If they're able to do it, then definitely. It will have to come after unit tests though (since they're the low-hanging fruit).

tsalo avatar Apr 22 '19 16:04 tsalo

Oh, no, totally, unit testing is higher priority. I'm just trying to make sure that there's a path forward for this issue. It seems like we should just see if the student can get to it this summer, and if not then we'll have to revisit it ourselves. Seem okay?

jbteves avatar Apr 22 '19 16:04 jbteves

Just a quick note that recent nibabel now has a nib-diff CLI tool that lets you set np.allclose-style tolerances on neuroimages, in case you do need something looser than a checksum.

effigies avatar Sep 19 '19 16:09 effigies

Added to the sprint agenda.

jbteves avatar Oct 29 '19 01:10 jbteves

Is this still being considered @rmarkello ? I didn't see it in #418 ?

emdupre avatar Nov 08 '19 16:11 emdupre

Still being considered, for sure! We're going to need to add regression tests to actually compare the outputs of the integration tests to pre-generated data, but it doesn't (didn't) make sense to do that when so many PRs were going to totally mess with the actual data generation! All our tests would consistently be failing 😢

Once #435, #436, and @handwerkerd's eventual PR to overhaul the decision tree are integrated we can do this. In the interim I can open a PR with an example of what this would look like, though?

rmarkello avatar Nov 10 '19 18:11 rmarkello

This issue has been automatically marked as stale because it has not had recent activity. It will be closed if no further activity occurs. Thank you for your contributions to tedana:tada: !

stale[bot] avatar Feb 08 '20 18:02 stale[bot]

@rmarkello do you still think this is workable?

jbteves avatar Feb 13 '20 15:02 jbteves

I do, especially if we use nib-diff rather than checksums. That said, I've been totally delinquent on tedana so I'm not sure about the status of some of the more major changes (e.g., the decision tree overhaul). I think it would probably best to hold off on implementing these until then because we know those are going to be breaking changes. But if others want to see these done sooner than that's fine; we'll just have to acknowledge those PRs will fail all the tests until we update the data to compare against!

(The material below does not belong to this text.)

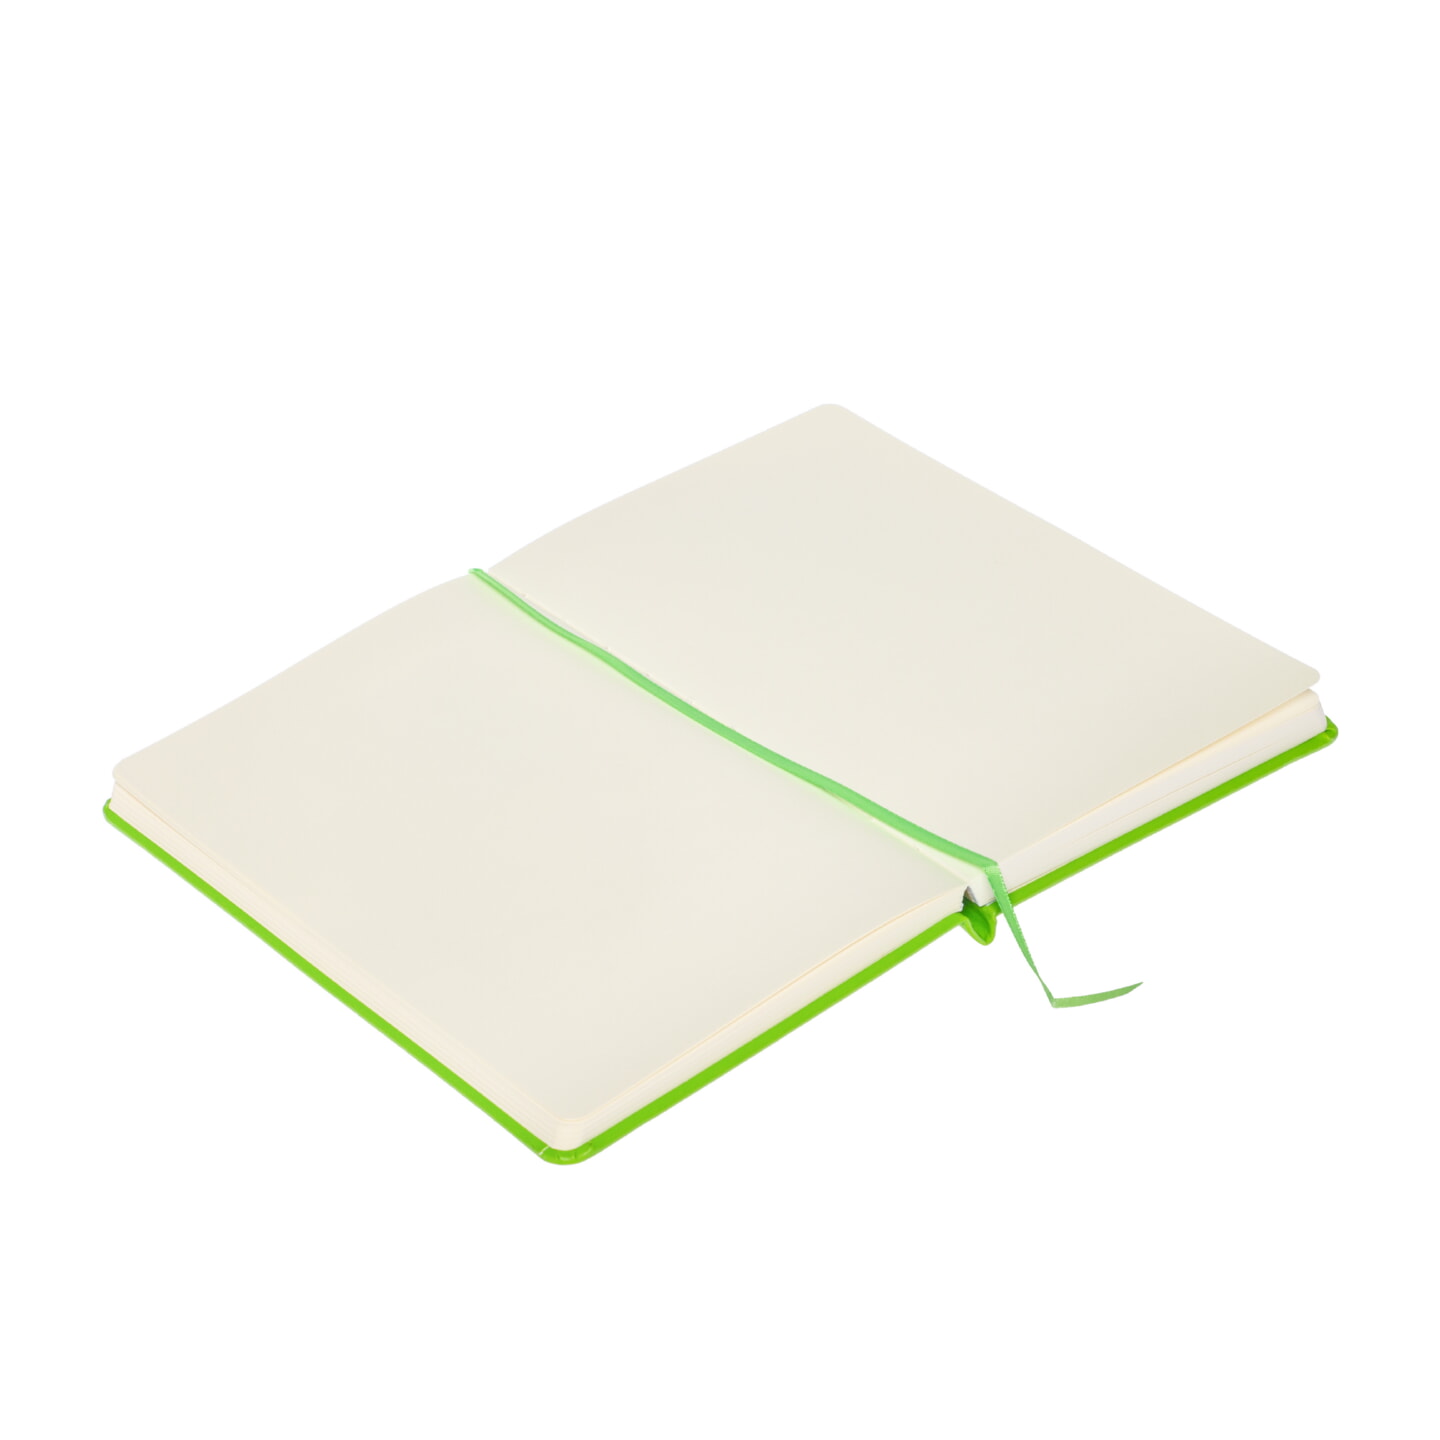 Блокнот для зарисовок Sketchmarker 140г/кв.м 80л твердая обложка Зеленый луг 5 размеров в ассортименте

rmarkello avatar Feb 14 '20 14:02 rmarkello

Forgive me if this is incorrect, but doesn't nib-diff require that both files be in memory? In other words, don't you still have to download or upload a large amount of data to use it?

jbteves avatar Feb 14 '20 14:02 jbteves

You're totally right, they would both have to be in memory. I think checksums are just gonna be a real pain with floating point data, though, so I think we need to do something that's a bit more np.allclose-like. Since the test data are all down-sampled pretty aggressively do you think it would be a problem to load two images in memory at a time? My thought is that it would never be more than two (the new image and the comparison / baseline).

As stands, we are (or used tobe? at one point we definitely were) downloading the comparison output data on CircleCI every time (and, if I remember correctly, just not using it)!

rmarkello avatar Feb 14 '20 14:02 rmarkello

We're definitely uploading comparison output to CircleCI every time, and not using it. I thought the point of the checksums was to reduce the download/upload need, but I forgot about the upload of artifacts to CI rather than just checksums. I don't think that there's a memory constraint problem, especially with the truncated data. You would have to go pretty extreme to get a memory issue. I wonder about simply running np.allclose then on the floating-point data. You could add this to the integration test file pretty straightforwardly, correct? What's the advantage of a checksum over that strategy?

jbteves avatar Feb 14 '20 14:02 jbteves

At this point I'm definitely not recommending checksums! The benefit of nib-diff over a straight np.allclose is that the former checks things like the file header, etc, to make sure you're not altering other things besides the actual data content.

Finally, it's worth noting we don't have to call nib-diff from the command line—we could just import the relevant functions (nibabel.cmdline.diff.diff) and use those in the integration tests!

rmarkello avatar Feb 14 '20 14:02 rmarkello

I'm following this now. I think we'd discussed it briefly at the hackathon, but unfortunately my memory is trash and I didn't write it down so unfortunately we're having this conversation a second time. :man_facepalming: Okay, awesome, thanks @rmarkello . Other stuff is higher priority but I think we have a pretty good way forward for this.

jbteves avatar Feb 14 '20 14:02 jbteves

This issue has been automatically marked as stale because it has not had any activity in 90 days. It will be closed in 600 days if no further activity occurs. Thank you for your contributions to tedana:tada: !

stale[bot] avatar May 14 '20 15:05 stale[bot]

It seems like we've converged on nib-diff over other possible checks. I noted that in #452. Once we have tests working for T2* estimation and optimal combination, I think we should at least look at doing it for the full integration tests.

tsalo avatar Aug 06 '20 15:08 tsalo

This issue has been automatically marked as stale because it has not had any activity in 90 days. It will be closed in 600 days if no further activity occurs. Thank you for your contributions to tedana:tada: !

stale[bot] avatar Nov 05 '20 00:11 stale[bot]